**What the exercise asks:** Please print, exactly as written, the line containing "Storia di un" and each line after it through the end of the material; pictures stay out.

**Information provided:**
________________________________________

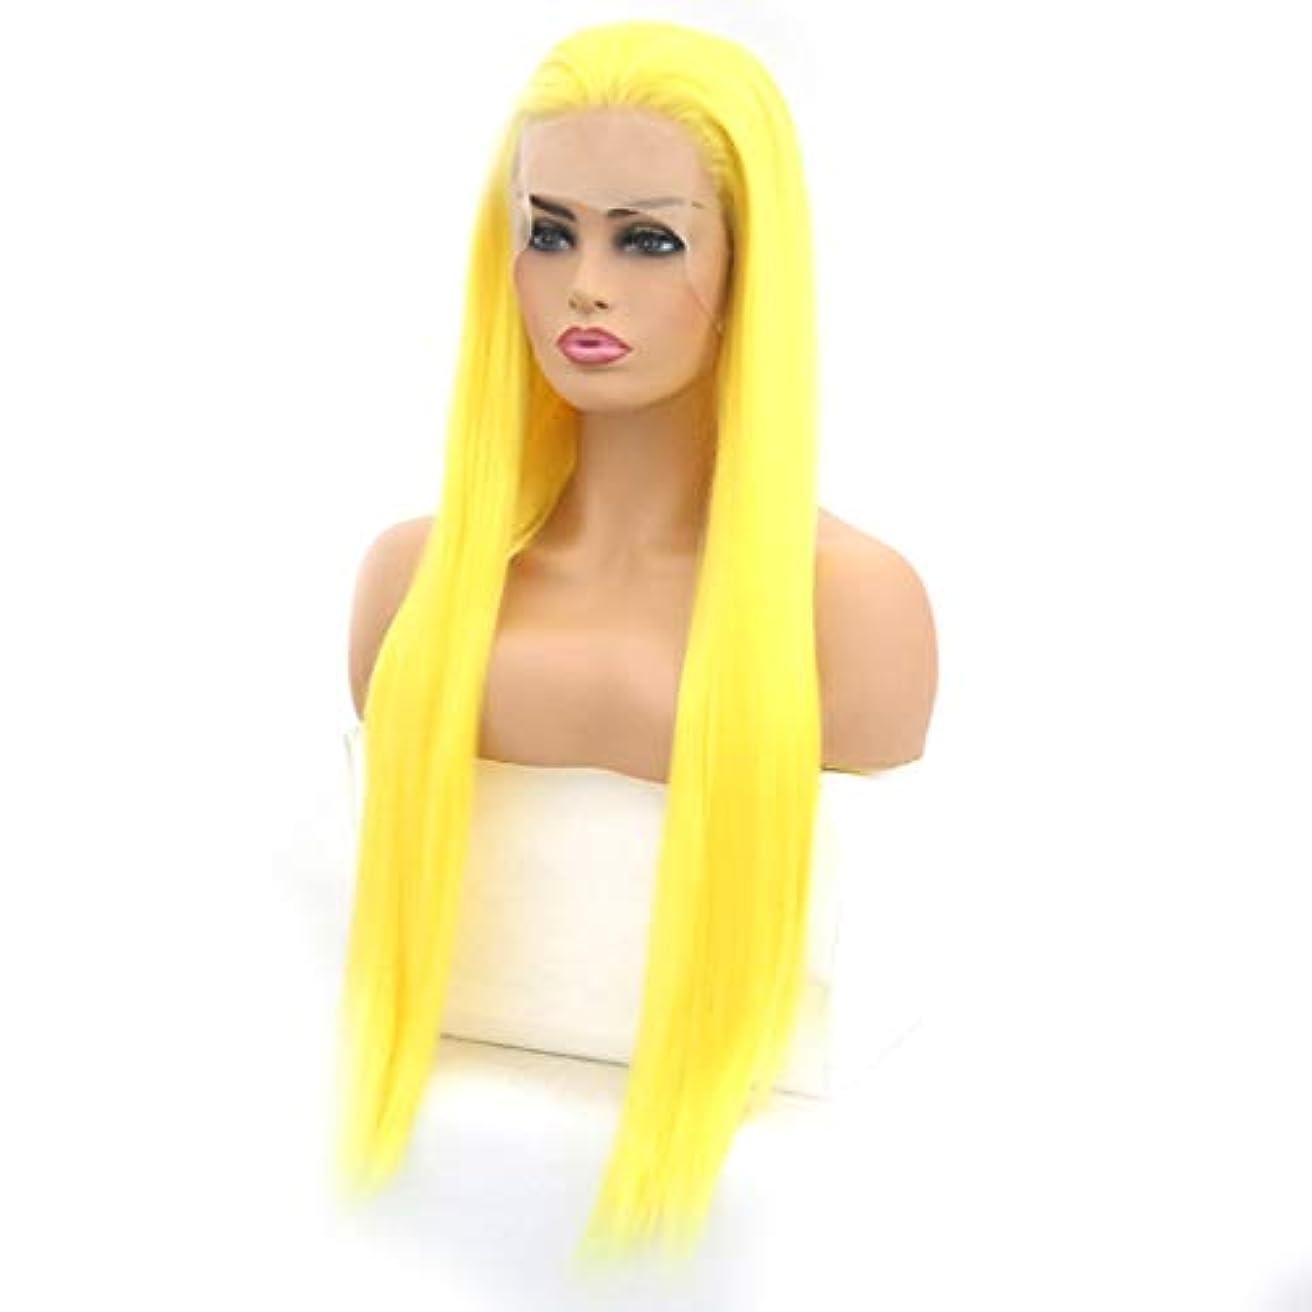 Kerwinner 女性のためのレースフロントかつらサイド部分ロングナチュラルストレート耐熱人工毛ウィッグ (Size : 18inch)
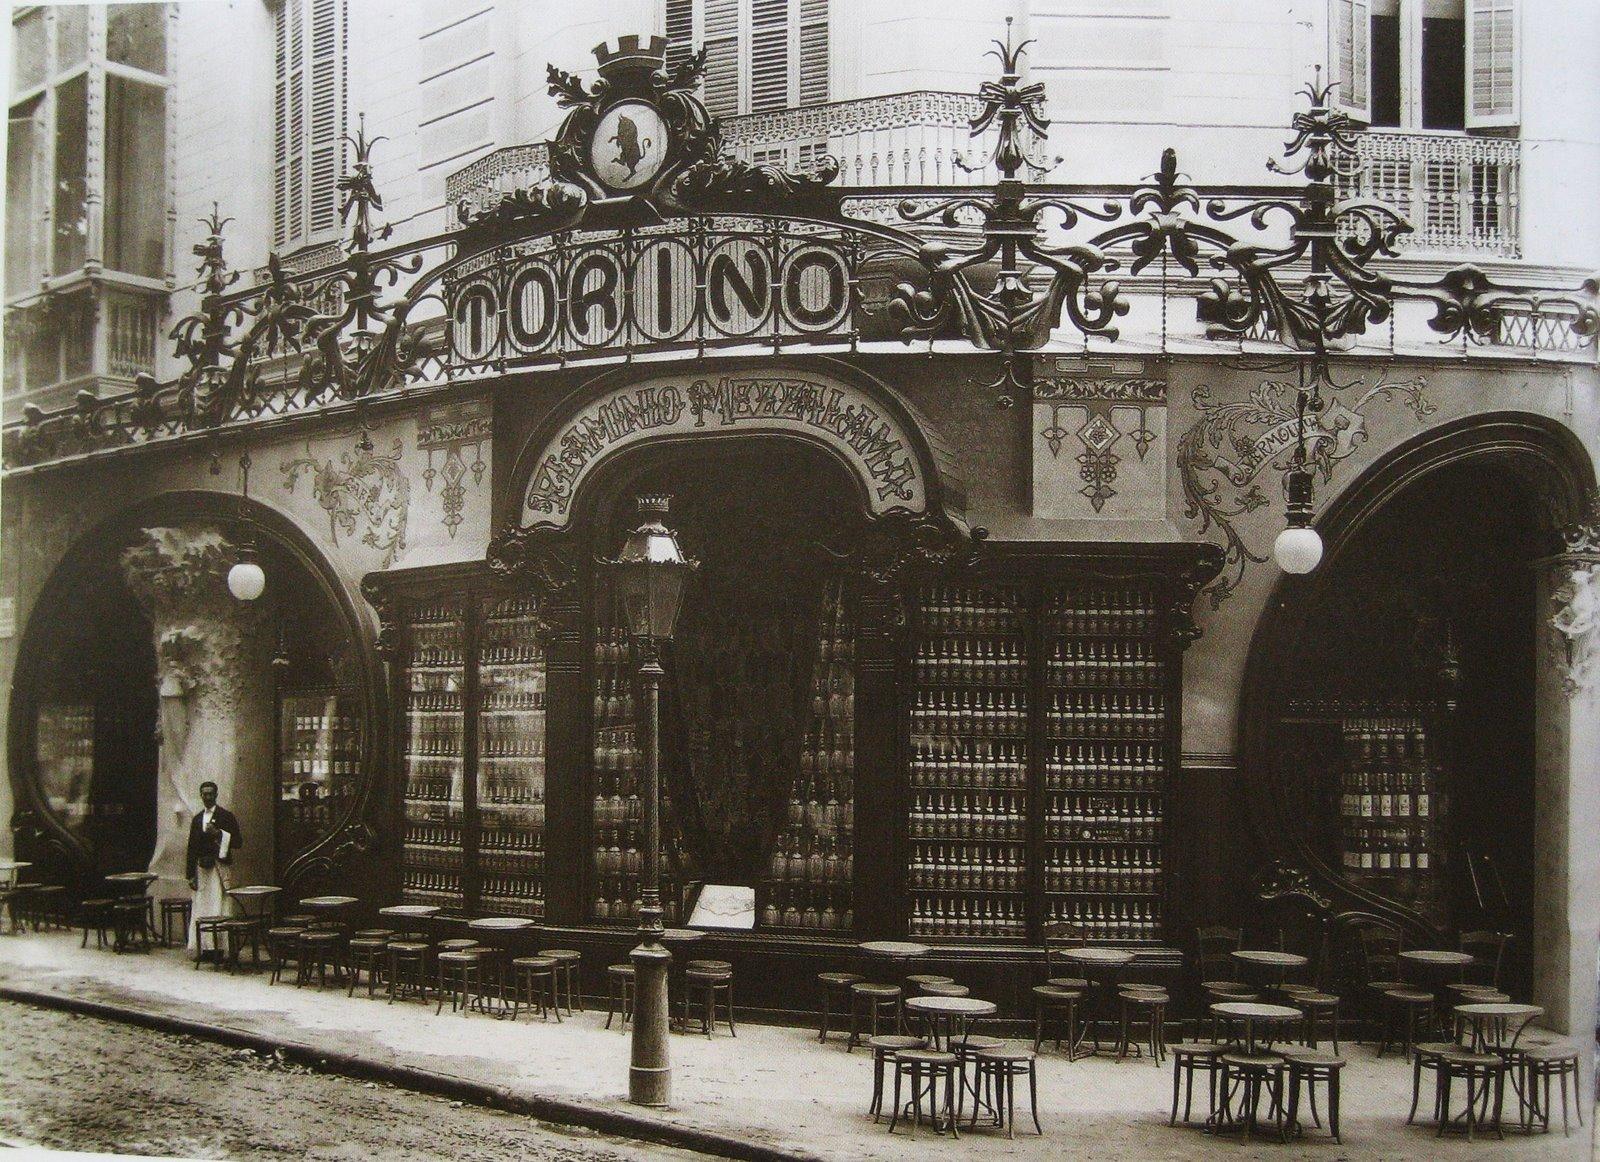 Storia di un successo: il café Torino a Barcellona
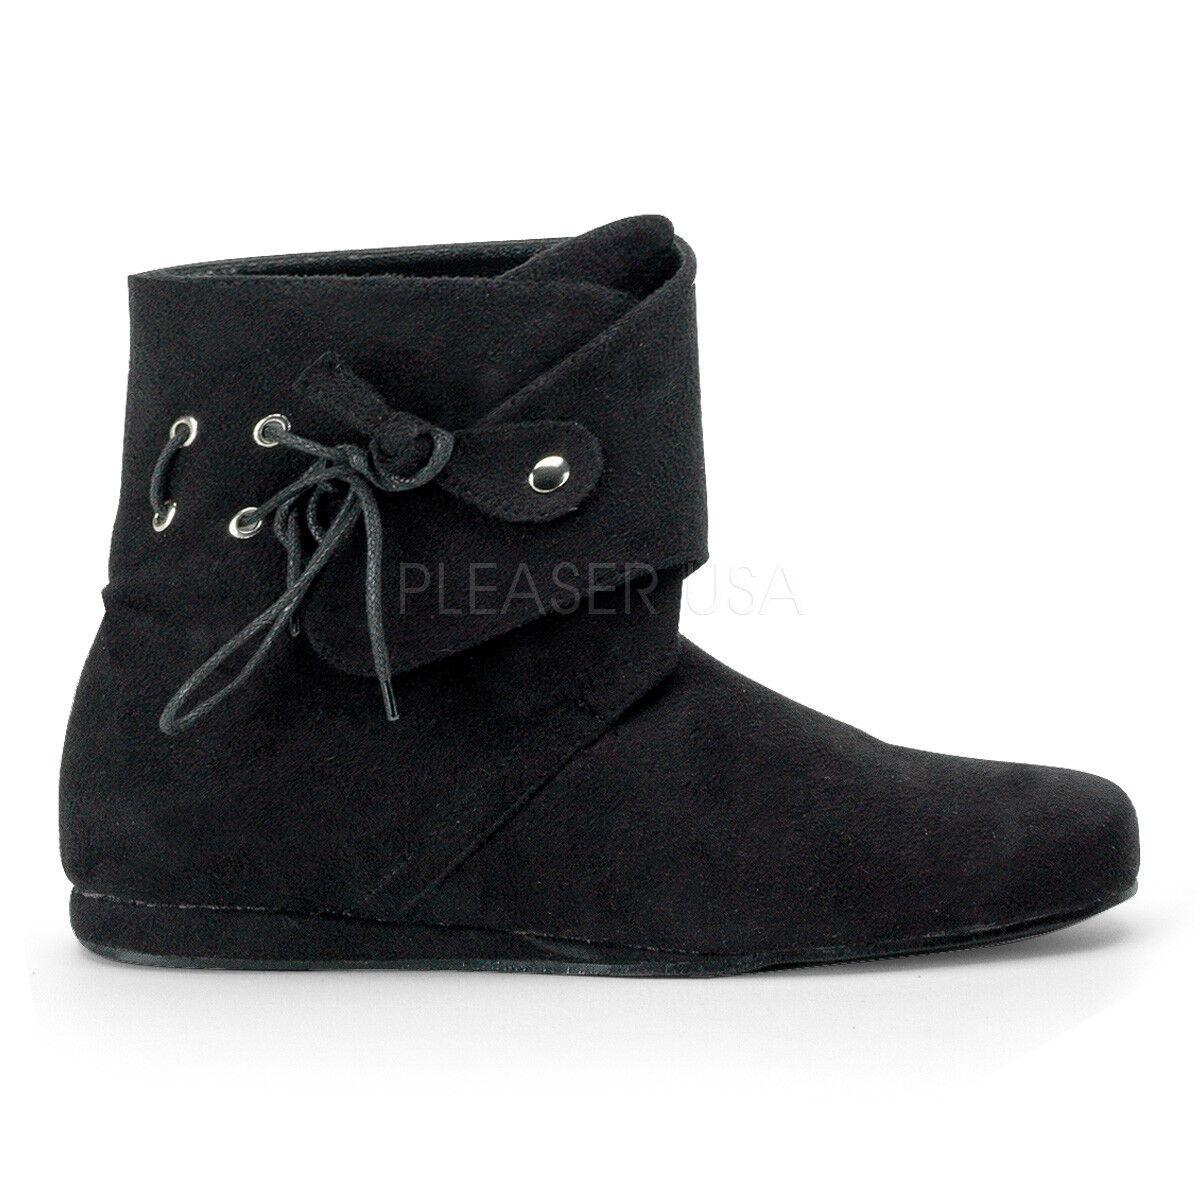 PLEASER FUNTASMA Renaissance-50 Black Microfiber Robin Hood Medieval Ankle Boots
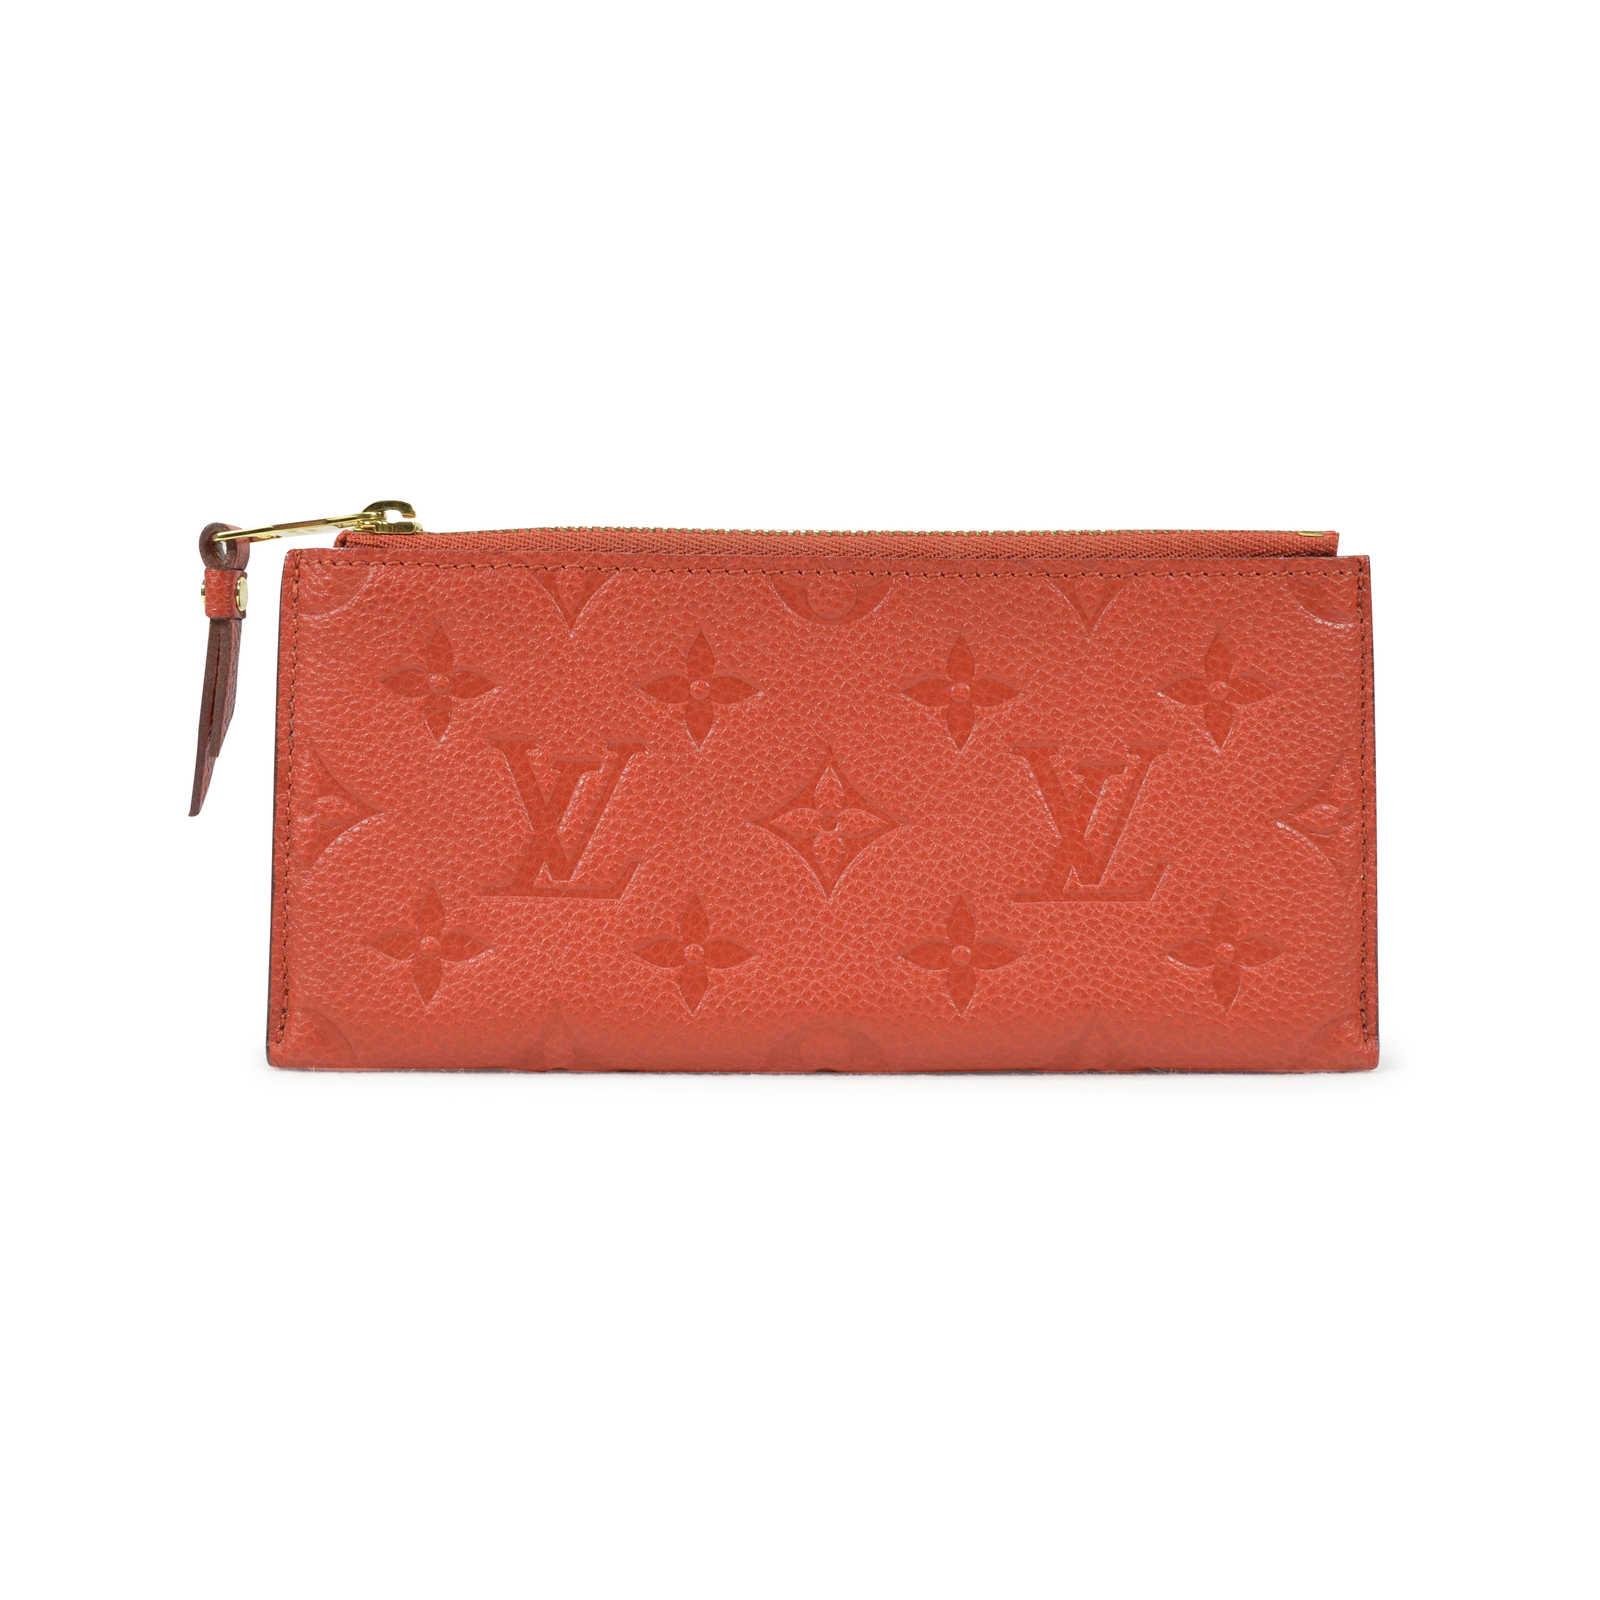 d4de0f9ded3b ... Authentic Second Hand Louis Vuitton Monogram Empreinte Curieuse Wallet  (PSS-021-00016) ...

________________________________________

**Result below:**
 Storia di un successo: il café Torino a Barcellona
 PLEASER FUNTASMA Renaissance-50 Black Microfiber Robin Hood Medieval Ankle Boots
 d4de0f9ded3b ... Authentic Second Hand Louis Vuitton Monogram Empreinte Curieuse Wallet  (PSS-021-00016) ...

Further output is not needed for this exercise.